Ha ancora senso, allora, parlare di seminari, oggi? In un Occidente ripiegato su se stesso dalla generale deriva egoistica, in cui gesti generosi come dare la vita per Dio e per gli altri sono sempre più rari, si potrebbe correre il rischio di guardare il futuro secondo prospettive fortemente pessimiste. Eppure il Signore non si stanca di chiamare e perciò rimane più che mai urgente che le nuove vocazioni siano accompagnate in un percorso formativo sempre più serio.
Un profilo del prete prossimo venturo
Il sacerdote del nuovo millennio, usando un’ispirata suggestione di Karl Rahner, sarà “l’uomo dal cuore trafitto” o non sarà nulla.

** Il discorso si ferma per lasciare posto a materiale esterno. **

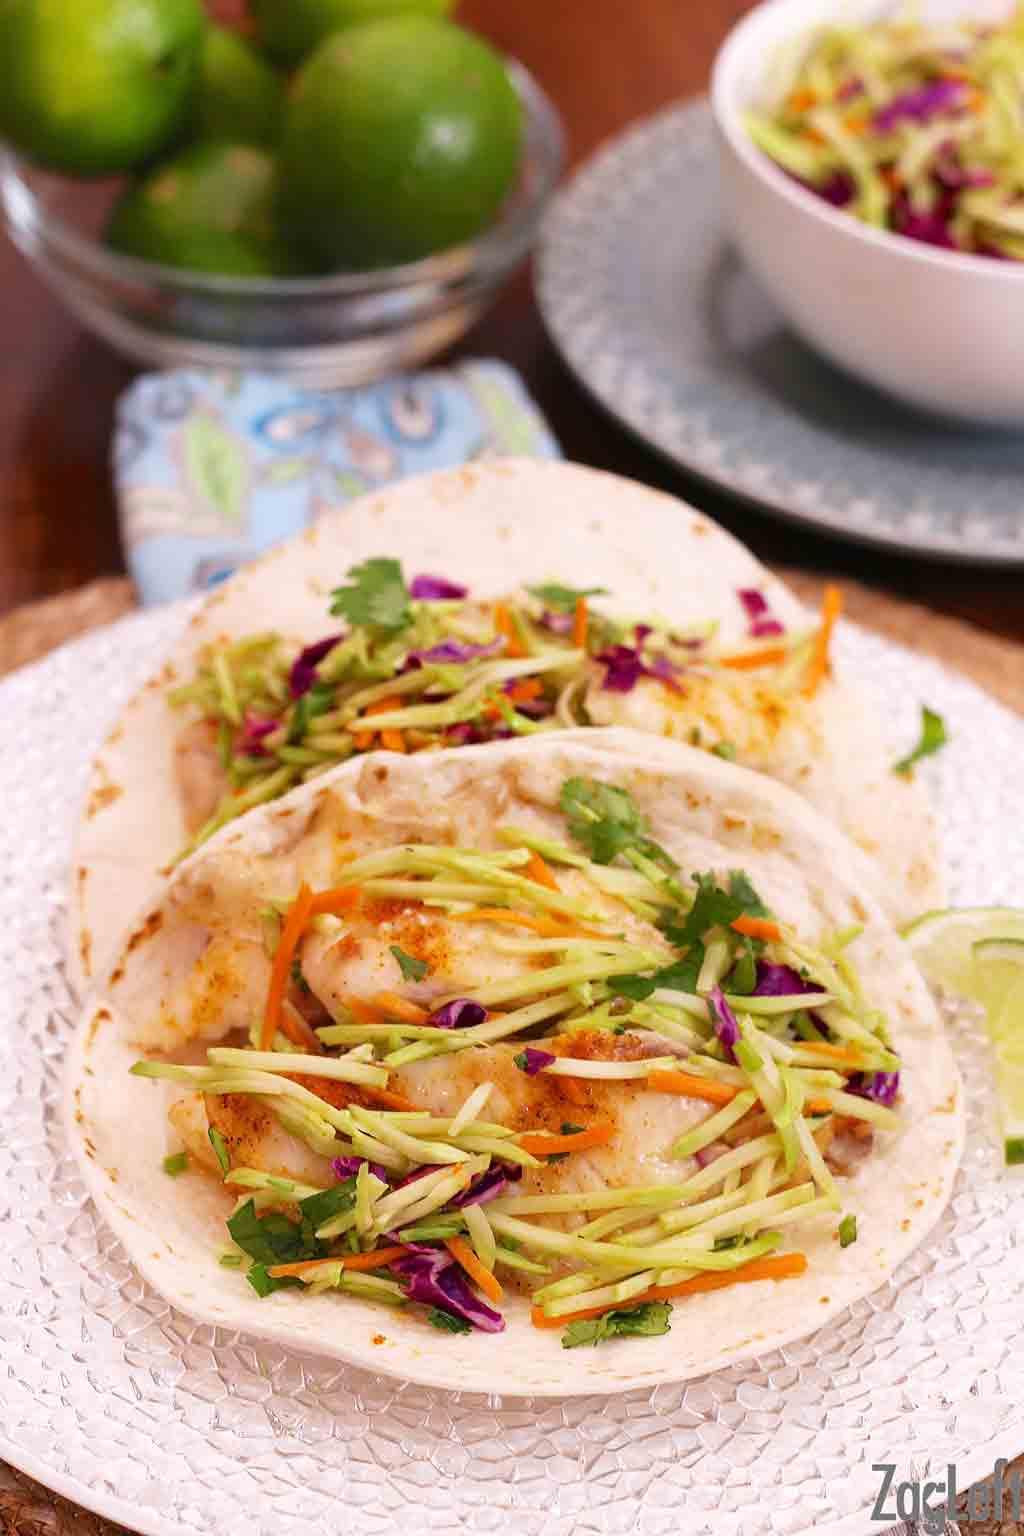 fish-tacos-zagleft-1w1.jpg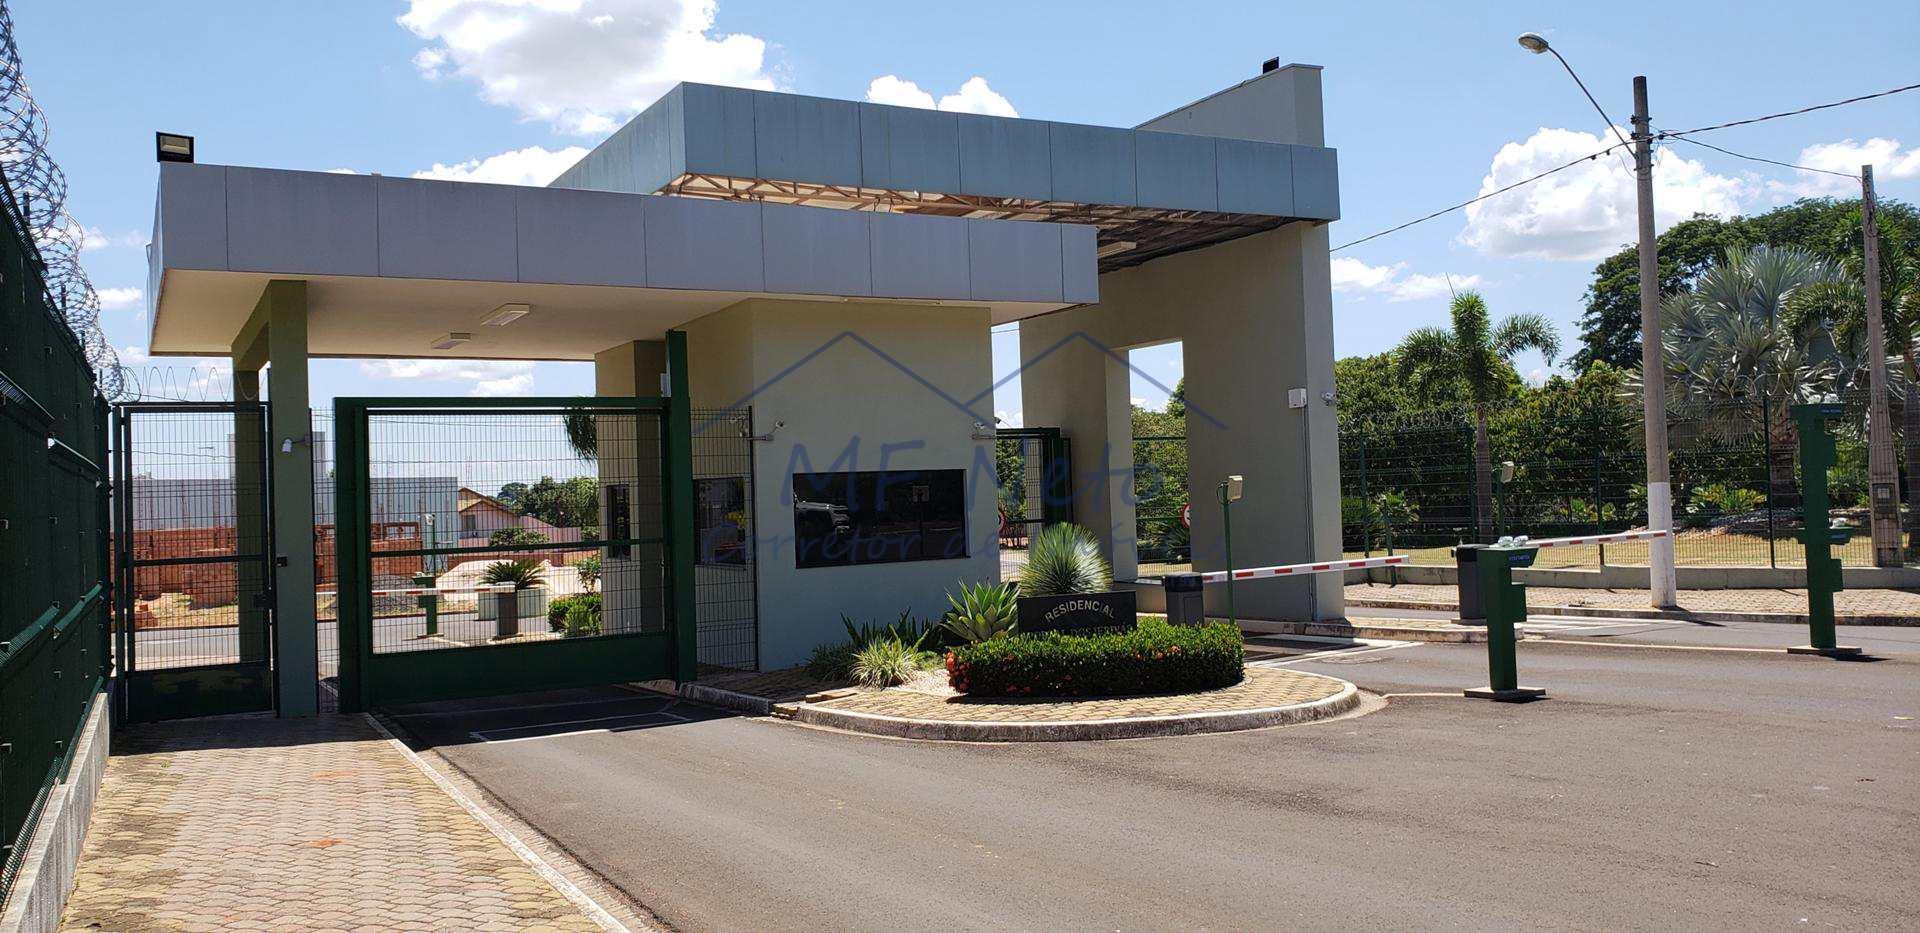 Portal dos Jerivás Pirassununga SP 0107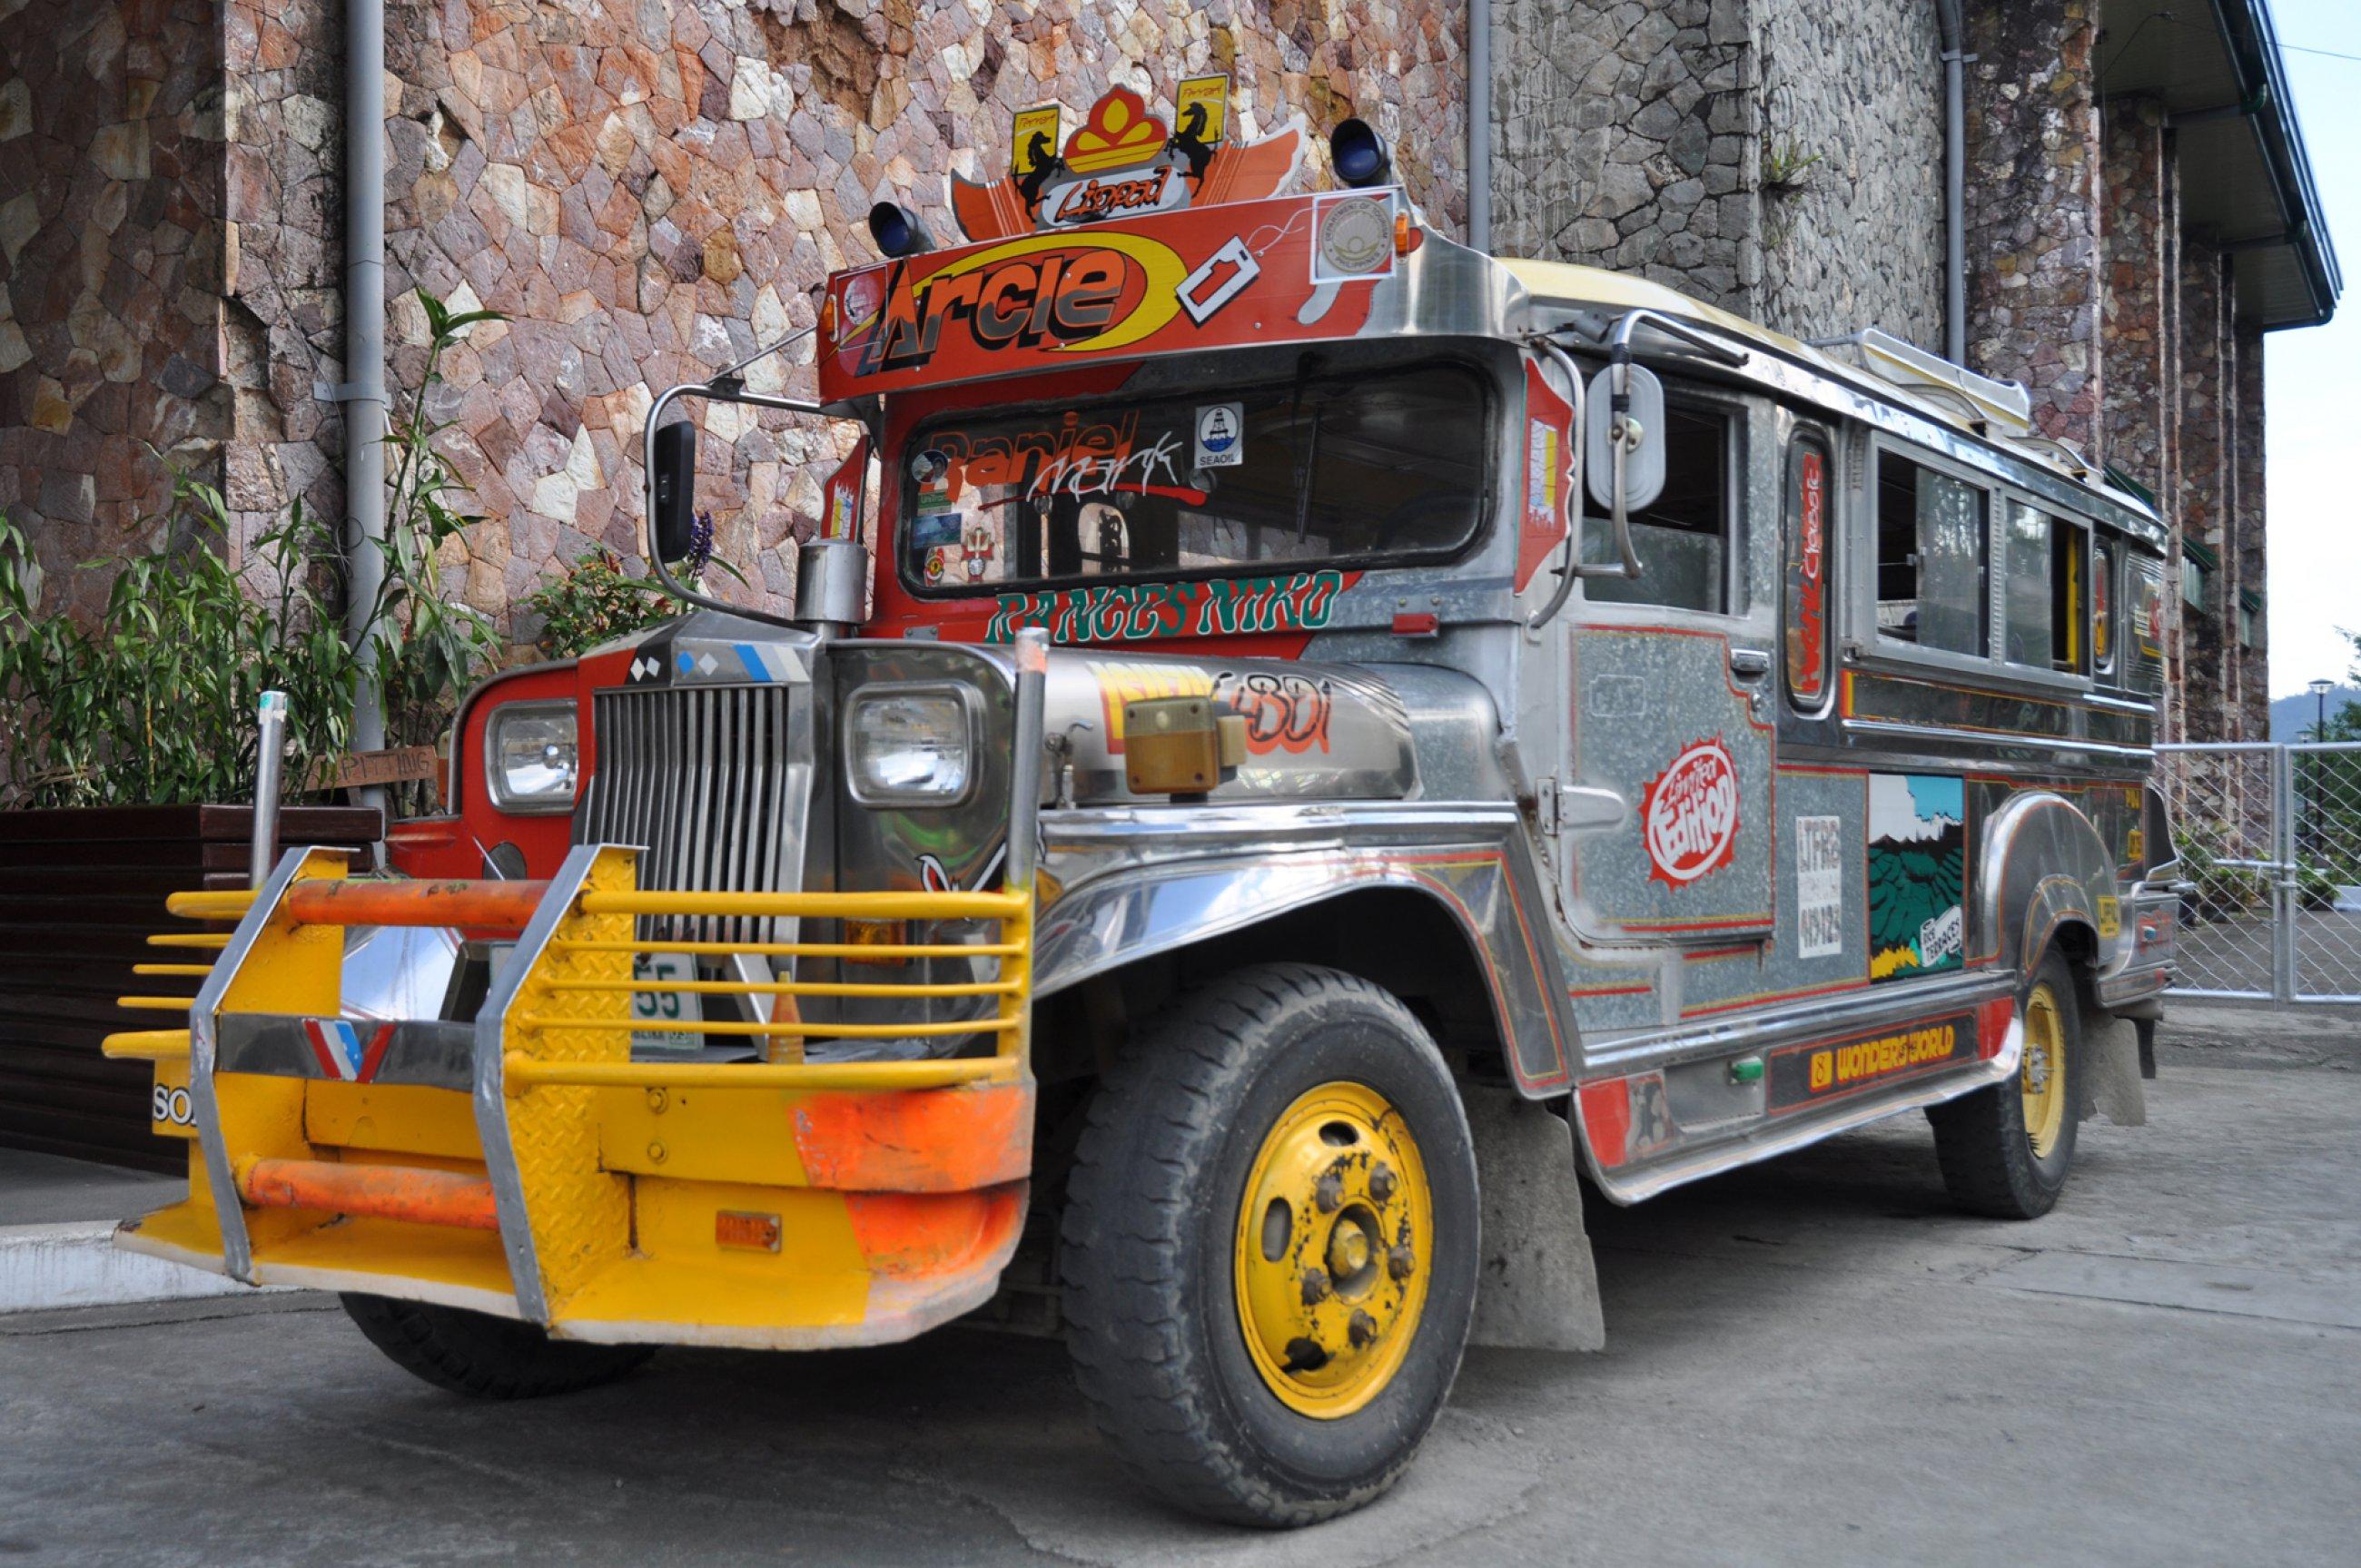 https://bubo.sk/uploads/galleries/4923/filipiny-tomas-kubus-filipiny-2014-2-.jpg

Il sacerdote, cioè, dovrà avere gli stessi sentimenti di Cristo, che ha amato i fratelli fino a versare l’ultima goccia del suo sangue per loro. Una persona matura, che proponga la fede in quest’ora così “magnifica e allo stesso tempo drammatica della storia” (Cfr. Christifideles laici, 3), libero dai condizionamenti esteriori e allo stesso tempo obbediente alla Chiesa, uomo di comunione che incarna la sollecitudine pastorale di Cristo per i più piccoli e indifesi. Un uomo di preghiera e di azione, capace di insegnare a pregare e di portare Dio al mondo con gioia e coraggio.
Il seminario serve ancora oggi più che mai. È chiaro che i formatori hanno una grande sfida davanti, ma oggi più che mai essi sono chiamati a formare testimoni credibili e a testimoniare loro stessi, in primo luogo ai candidati loro affidati, la gioia e la forza della chiamata di Dio. I seminari oggi si devono caratterizzare come veri e propri laboratori per la nuova evangelizzazione, diventando scuole di comunione e di radicalità evangelica, in cui si vive la gioia della donazione di sé e si cresce in armonia con il prossimo e il creato. Passi in questo senso si stanno facendo e c’è speranza per il futuro. Il Signore non abbandona mai il suo popolo.